More details from the creator

An example of LDA

How does it work?

  1. Reads all the documents
    • Calculates counts of each word within the document, tied to a specific ID used across all documents
  2. Uses variation in words within and across documents to infer topics
    • By using a Gibbs sampler to simulate the underlying distributions
      • An MCMC method
  • It’s quite complicated in the background, but it boils down to a system where generating a document follows a couple rules:
    1. Topics in a document follow a multinomial/categorical distribution
    2. Words in a topic follow a multinomial/categorical distribution

Implementations in R

  • There are at least four good implementations of LDA in R
    1. stm: A bit of a tweak on the usual LDA model that plays nicely with quanteda and also has an associated stmBrowser package for visualization (on Github)
    2. lda: A somewhat rigid package with difficult setup syntax, but it plays nicely with the great LDAvis package for visualizing models.

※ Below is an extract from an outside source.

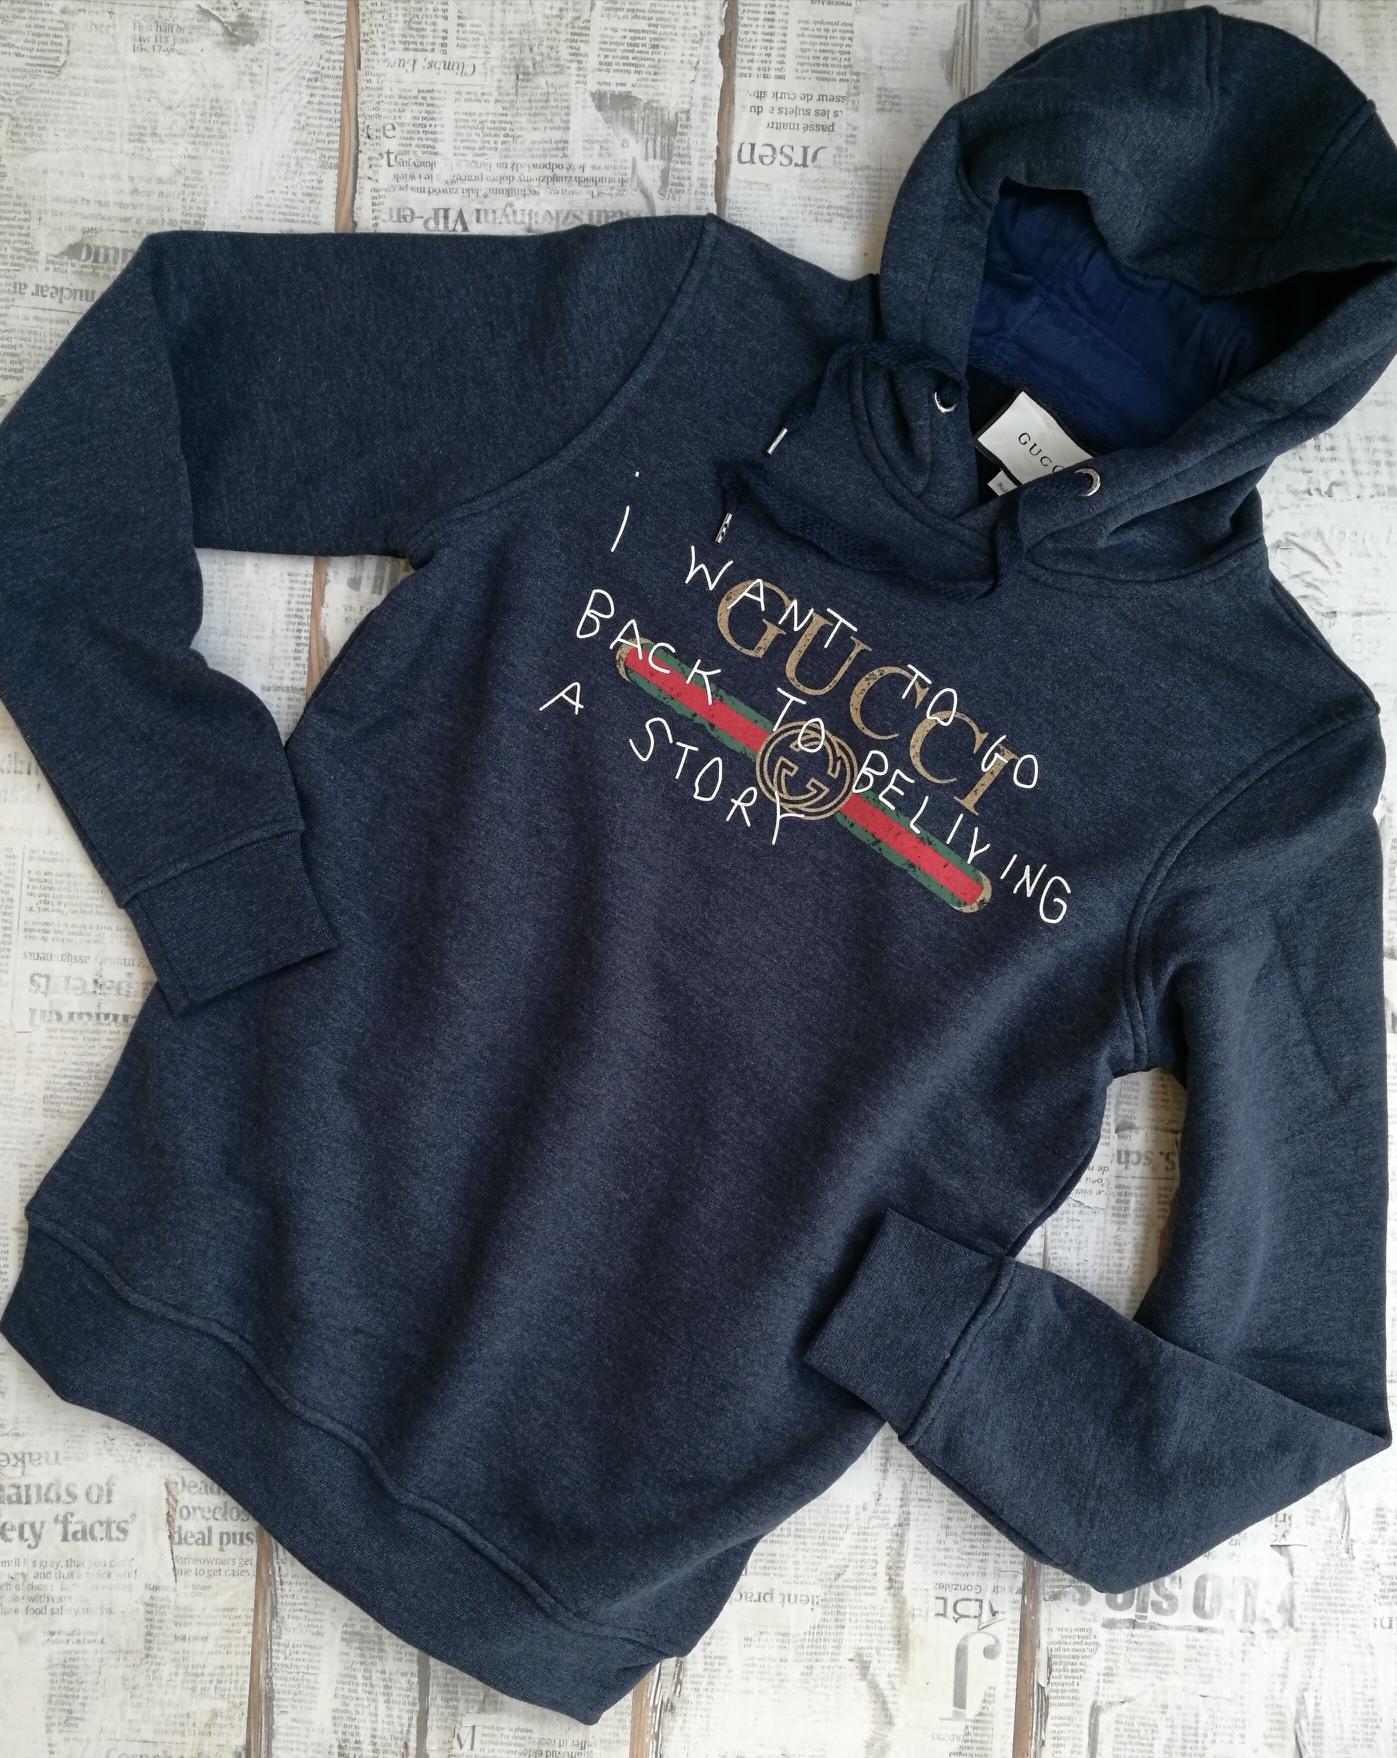 3cde0cdebcf Gucci Men s Hoodie Coco Capitán Logo Sweatshirt on Storenvy
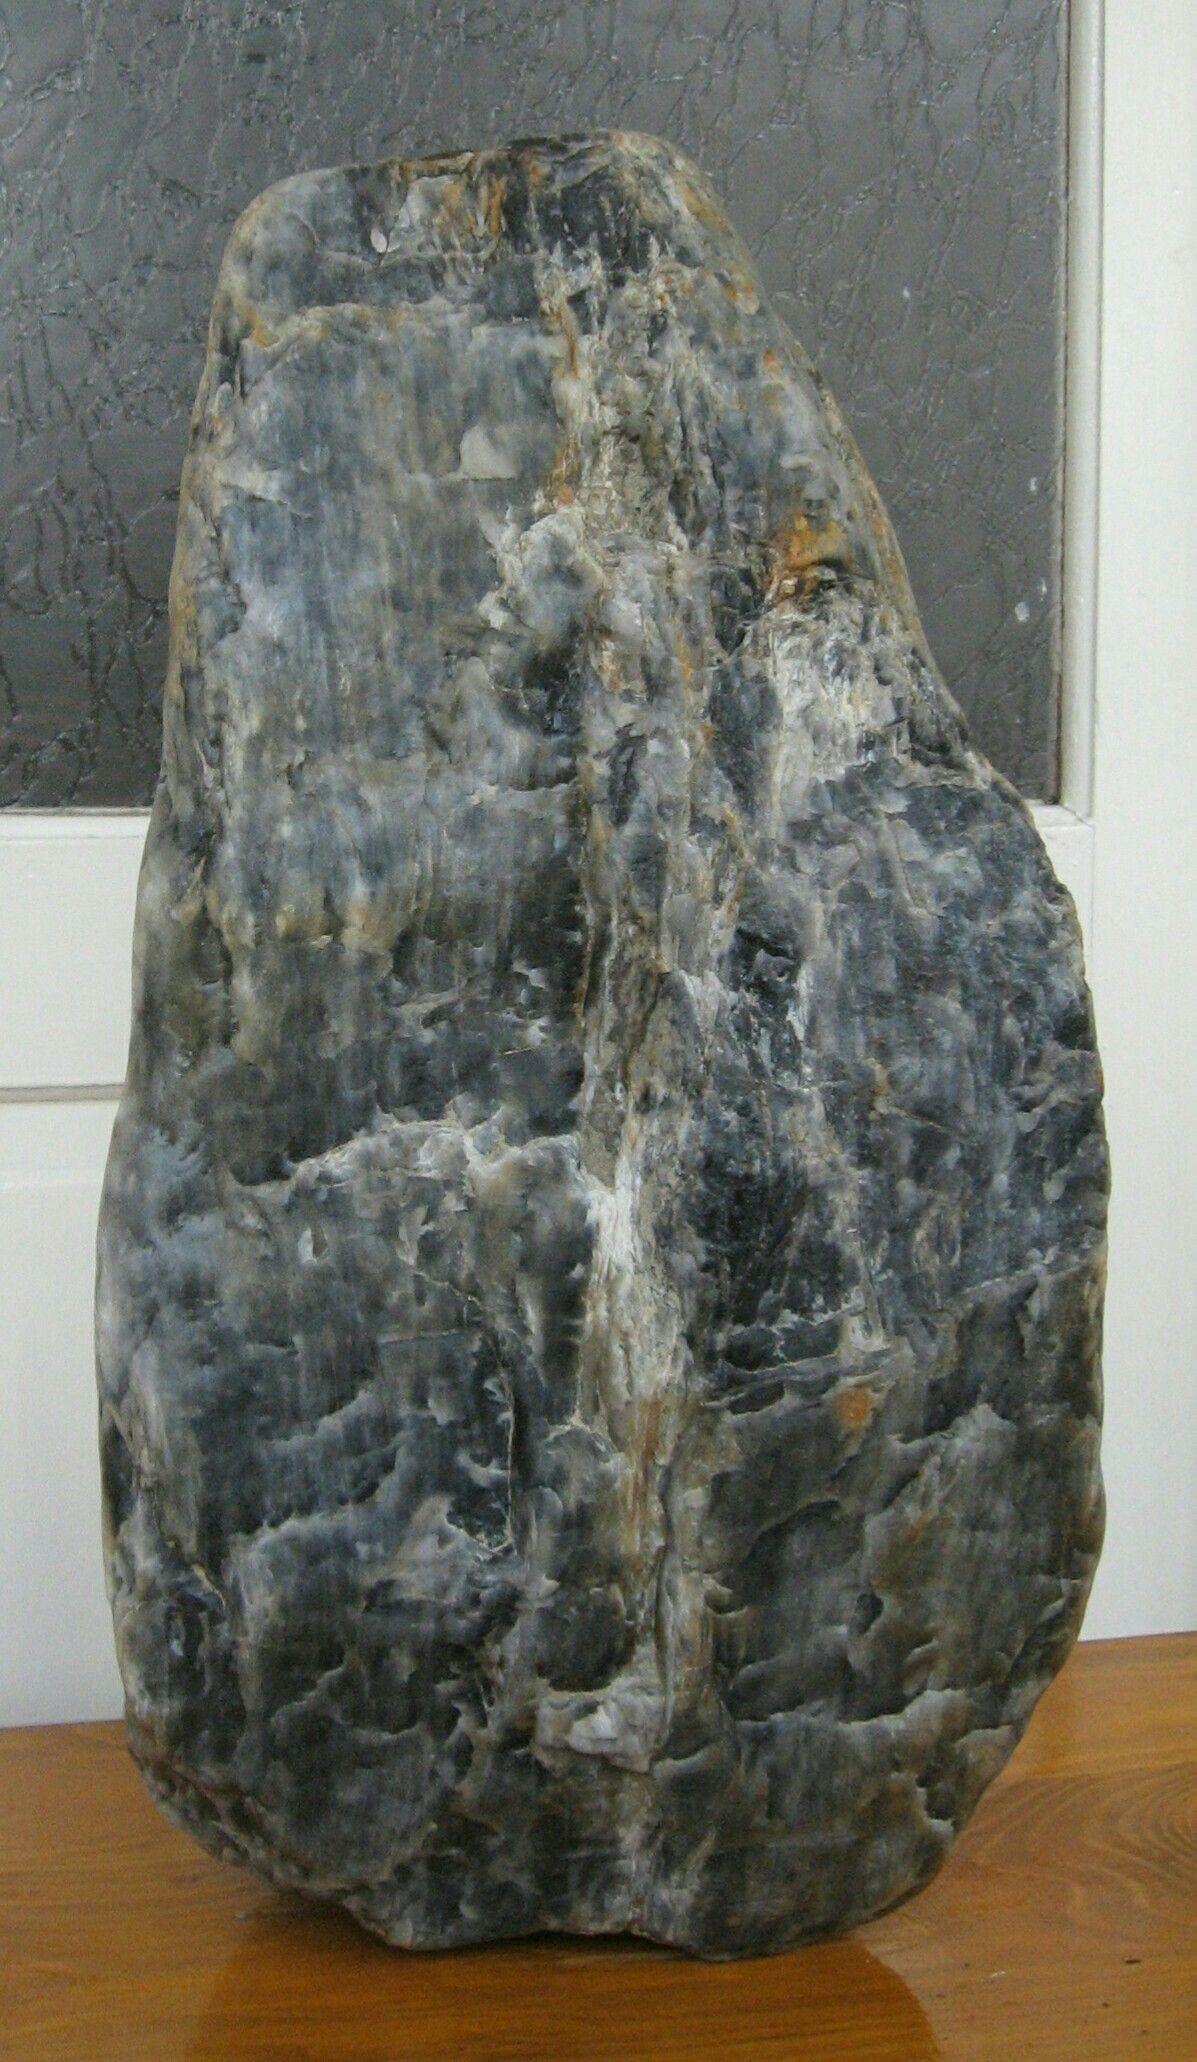 Grey Bluish Quartz From Cambrian Era Result Of A Volcanic

Supported by quanteda.
    3. topicmodels: An extensible topic modeling framework that plays nicely with quanteda
    4. mallet: An R package to interface with the venerable MALLET Java package, capable of more advanced topic modeling

Implementing a topic model in STM

# quanteda's conversion for the stm package
out <- convert(tdm, to = 'stm')
# quanteda's conversion for the lda package
# out <- convert(tdm, to = 'lda')
# quanteda's conversion for the topicmodels package
# out <- convert(tdm, to = 'topicmodels')
  • Creates a list of 3 items:
    • out$documents: Index number for each word with count/document
    • out$vocab: Words and their index numbers
    • out$meta a data frame of information from the corpus (industry)
out$documents[[1]][,386:390]
##       [,1]  [,2]  [,3]  [,4]  [,5]
## [1,] 14590 14593 14598 14614 14625
## [2,]     1     1    38     3     1
out$vocab[c(out$documents[[1]][,386:390][1,])]
## [1] "earlier"  "earliest" "earn"     "earthen"  "eas"

Running the model

  • We will use the stm() function from the stm package
    • It has a lot of options that you can explore to tweak the model
    • The most important is K, the number of topics we want. I’ll use 10 for simplicity, but often we need more to neatly categorize the text
      • K=100 is a popular choice when we are using the output as an input to another model
      • The model we used in session 6 had K=31, as that captures the most restatements in sample
library(stm)
topics <- stm(out$documents, out$vocab, K=10)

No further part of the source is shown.